一切转机全出现在名为黑川伊佐那的少年身上。

狠,不狠是没有用的,他没想到自己能在跟川崎的头“阿饼”打的五五开的情况下被伊佐那揍倒在地上。比父权,兄长权威更可怕的是一个陌生人对你毫无保留的下死手只为获得你对他力量的肯定与臣服。那些在道馆学到的技术,那些在愤怒下催使的出拳变得毫无意义,仿佛就像是打在棉花上般使自己败下阵来。武藤泰宏未曾想到那么瘦小的身体里竟然藏着如此强悍的力量,他那不肯低头的傲气在一只眼睛被人揍到视力模糊不清的时刻骤然崩塌。

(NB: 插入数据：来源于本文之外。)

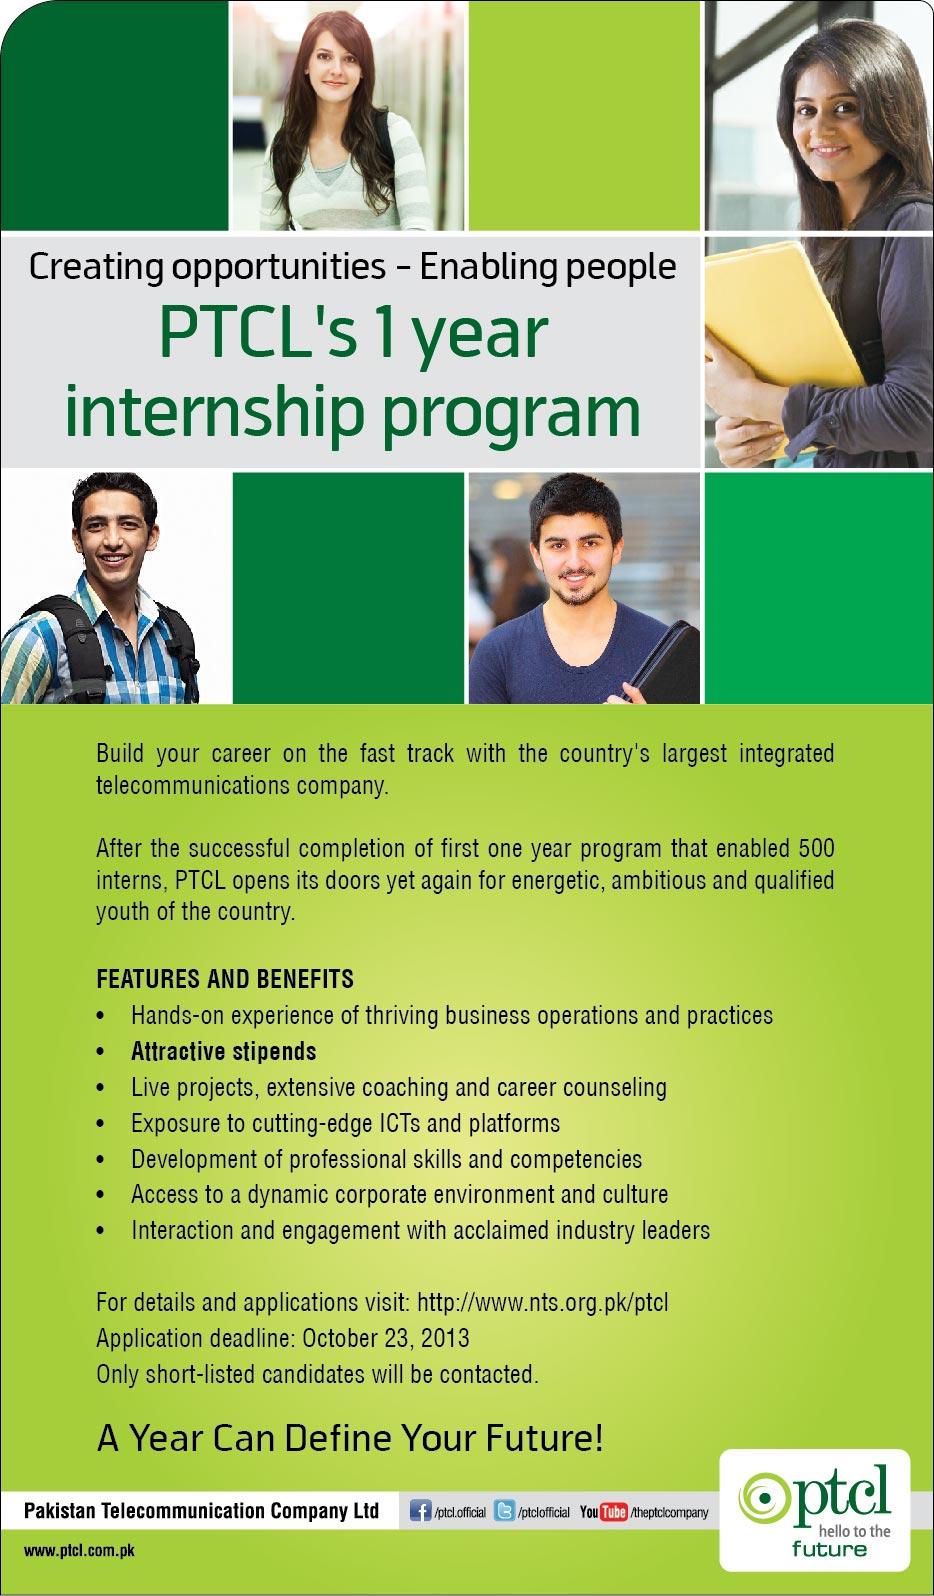 Jobs in PTCL 1 Year Internship Program 2013
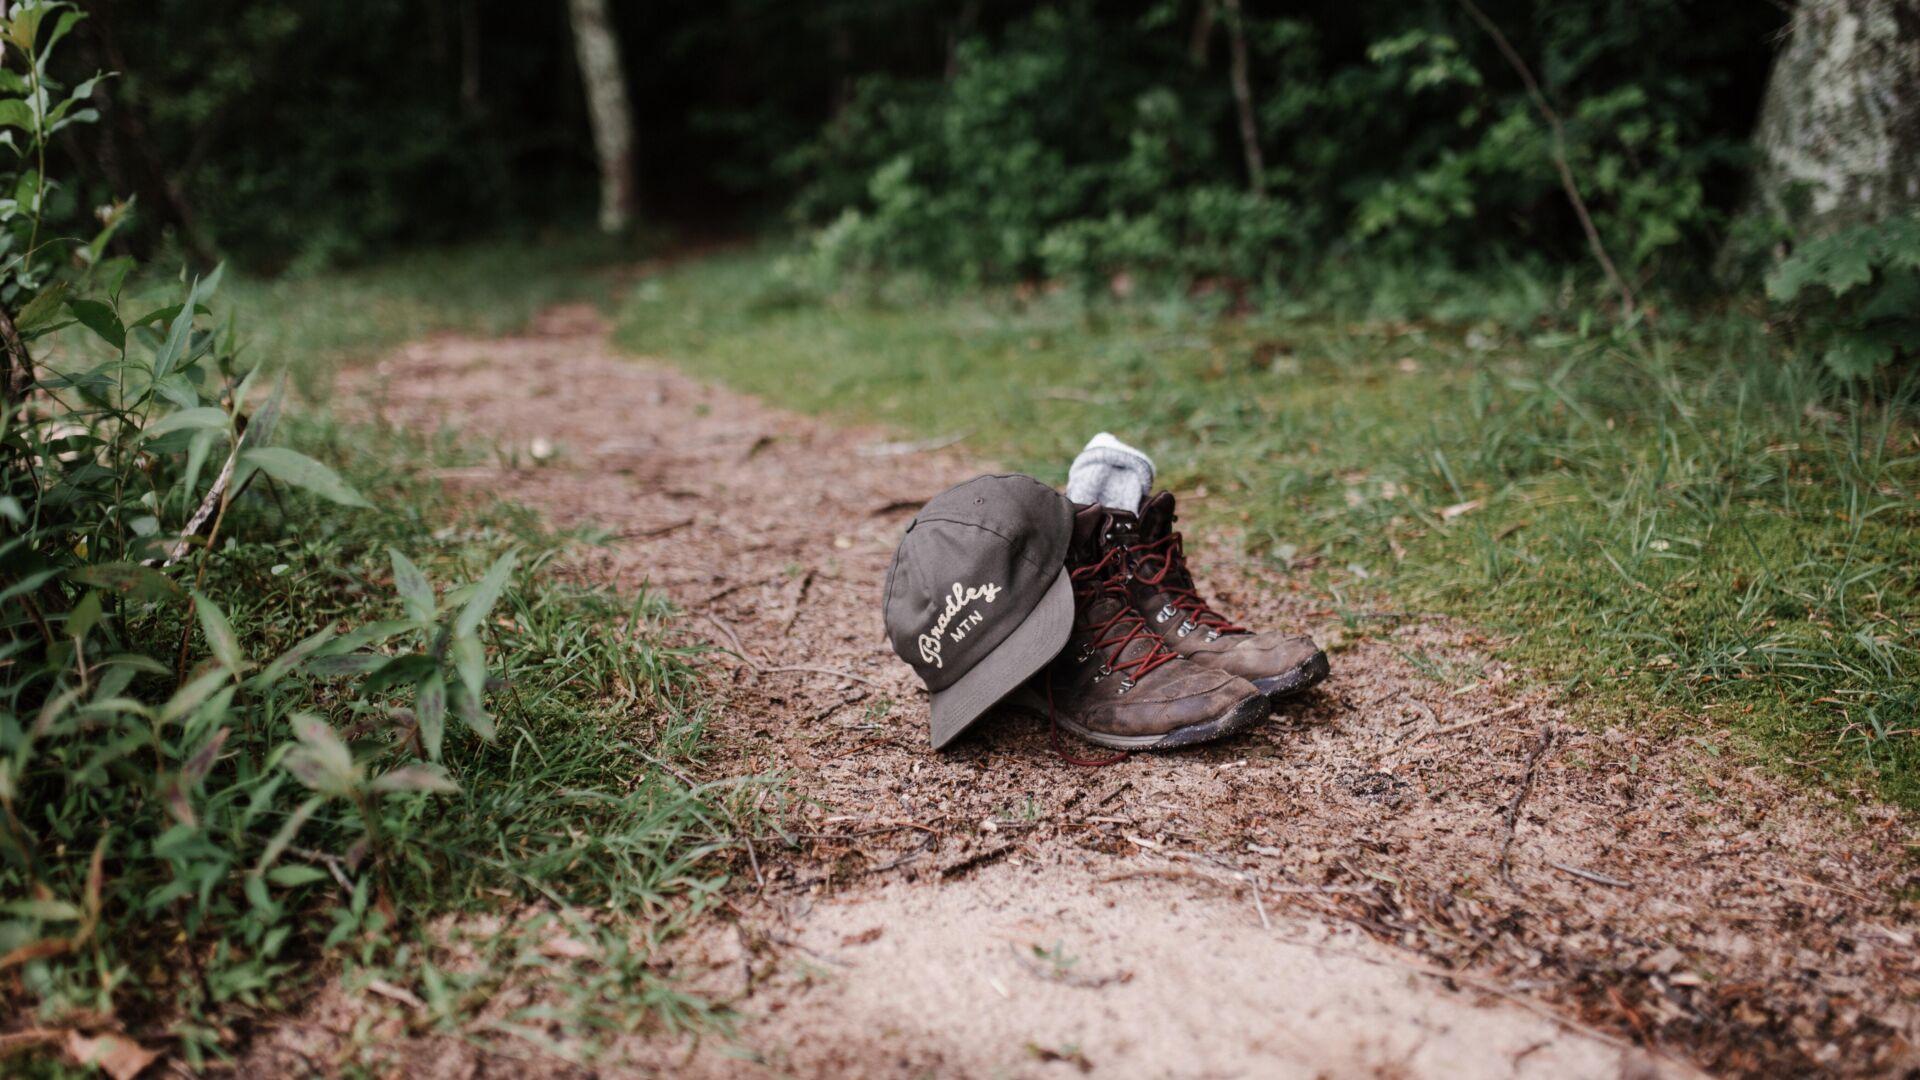 Verlaten wandelschoenen

后母的揶揄,父亲的无视,兄长的过度的耀眼在察觉到自己濒临危险的那刻,这些事跟压力通通变得可有可无。而武藤咬紧牙关说出口的“我服了”却成为了黑川唇角上扬的催化剂,那只视力尚可的眼睛铭记下了那刻,也彻底成就了他的梦魇。

“那么,Mucho,我就正式成为你的王了。”

椎名鹤的到来即在他的意料之中又在他的意料之外,他为将伊佐那冲自己出手后的窘迫伤痕不暴露在任何亲属面前而拒绝了所有人的会见。他想过家里人会请椎名鹤出面,武藤认为介时只要再度拒绝接受探视就好,他却没想到椎名鹤会好端端坐在心理室中,面色认真地开口问道:“告诉我,你被谁欺负了。”

他说不出口。

伊佐那的眼线足以查到他跟椎名鹤的因果纠缠,哪怕他再假装撇清关系,武藤泰宏身份特殊这件事仅仅是少年院管理人都能表现出来。于是伊佐那就这么顺利抓住了看起来桀骜不驯少爷的弱点——不想让少女受到可能存在的危险侵害,就要做出应有的价值赢得他的信任。其中就包括出去后组建一支队伍等待伊佐那的指示,待他一声令下后S62全员再度会和,真正由他带着大家走向全日本的暴走族制高点。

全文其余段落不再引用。